[PROVIDED MATERIAL]
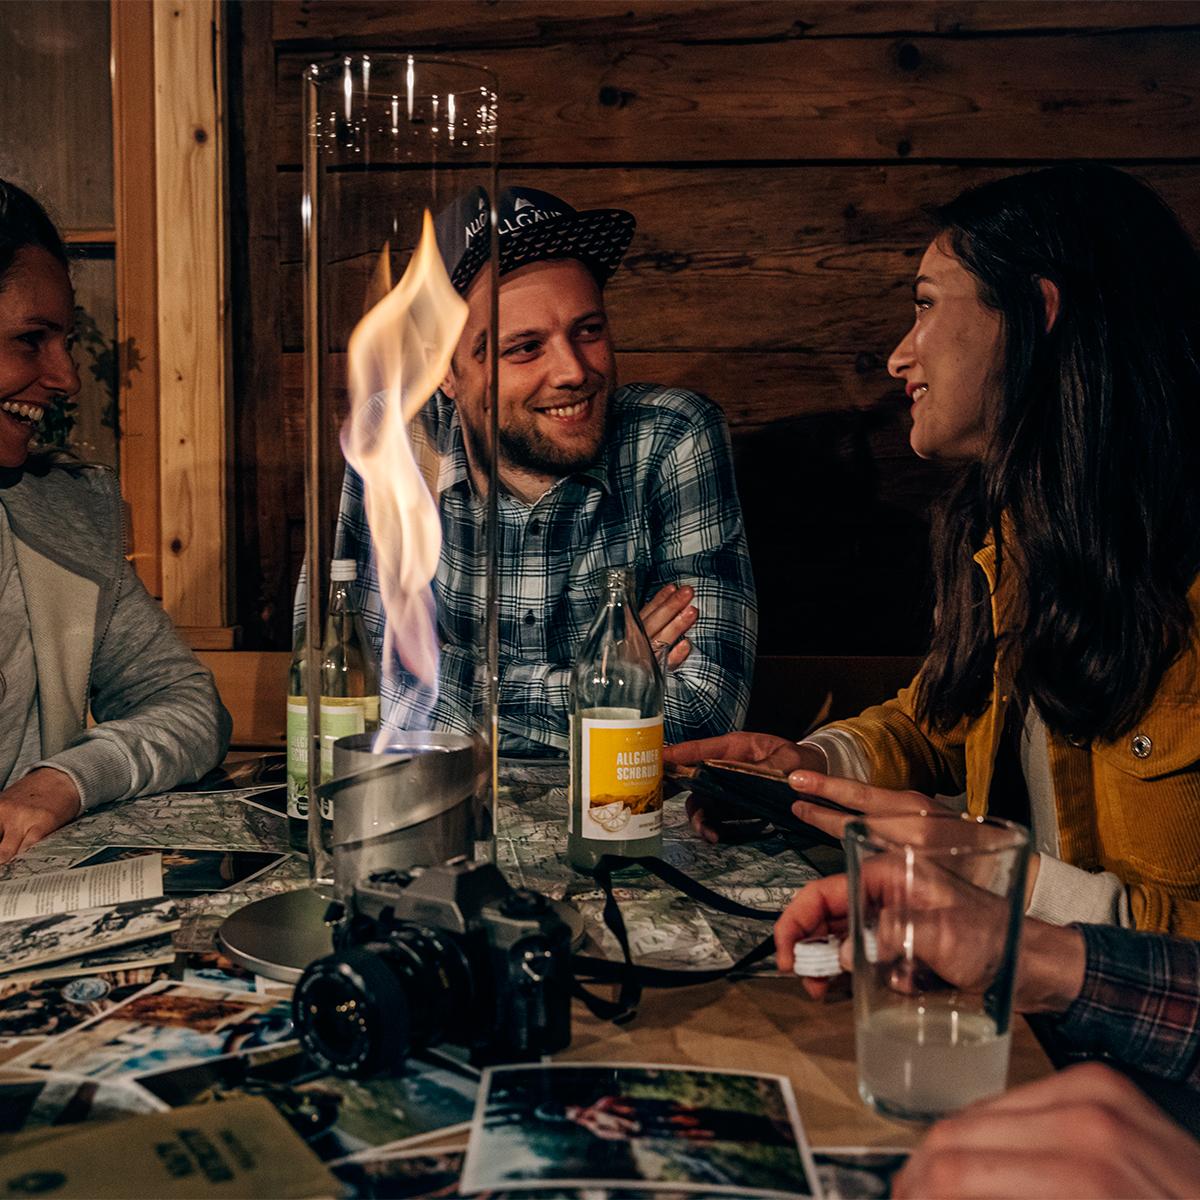 屋外パーティのムードメーカーとして、友人たちと語り合う輪の中央に、グランピングの夜を盛り上げるキャンプファイヤーとして。人が集まる場に、驚きと癒しを与えてくれる廻る炎。「テーブルランタン&ガーデントーチ」|Hofats SPIN(ホーファッツ スピン)
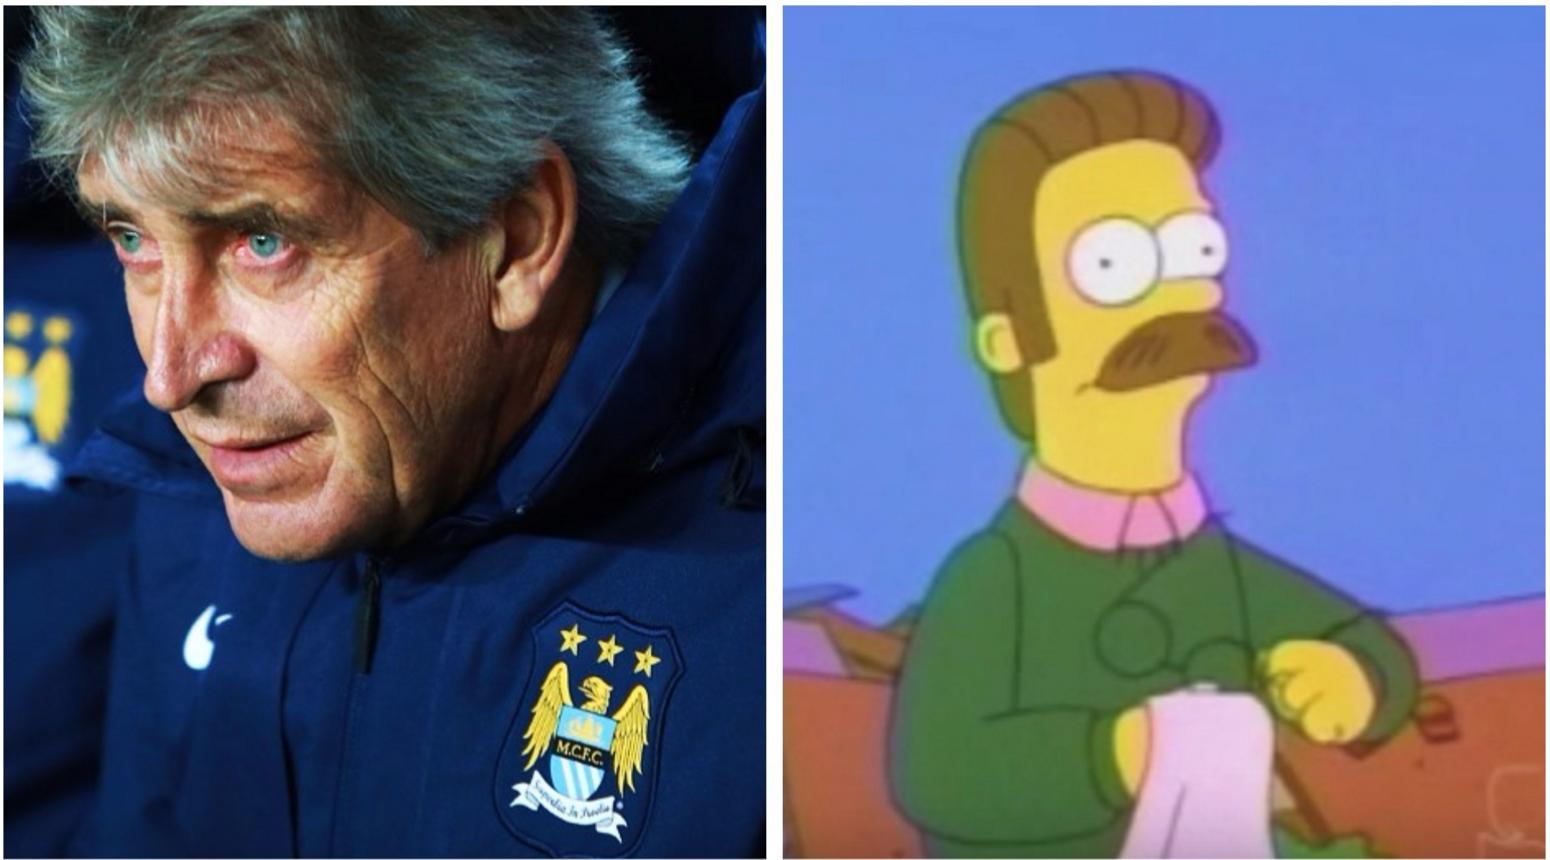 Flanders and pelligrini
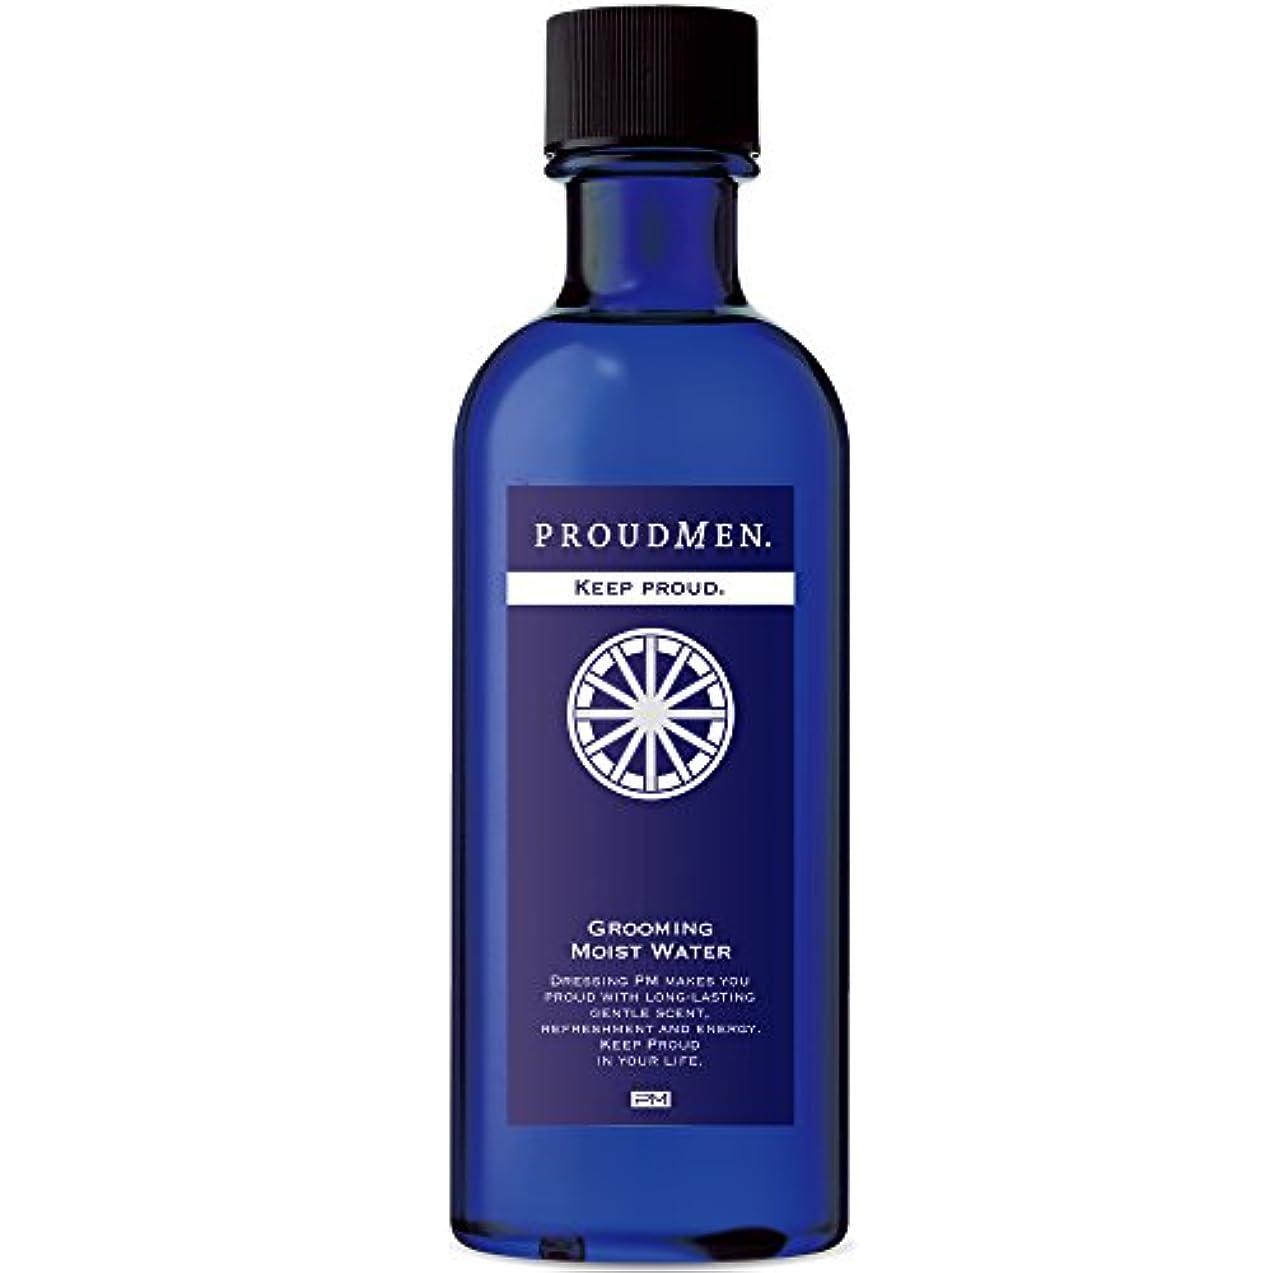 プラウドメン グルーミングモイストウォーター 200ml (グルーミング?シトラスの香り) 化粧水 メンズ 顔用 アフターシェーブ

[WHAT TO WORK ON]
Everything in the data except the pictures must appear in your answer unchanged.

[YOUR SOLUTION]
 屋外パーティのムードメーカーとして、友人たちと語り合う輪の中央に、グランピングの夜を盛り上げるキャンプファイヤーとして。人が集まる場に、驚きと癒しを与えてくれる廻る炎。「テーブルランタン&ガーデントーチ」|Hofats SPIN(ホーファッツ スピン)
 Flanders and pelligrini
 プラウドメン グルーミングモイストウォーター 200ml (グルーミング?シトラスの香り) 化粧水 メンズ 顔用 アフターシェーブ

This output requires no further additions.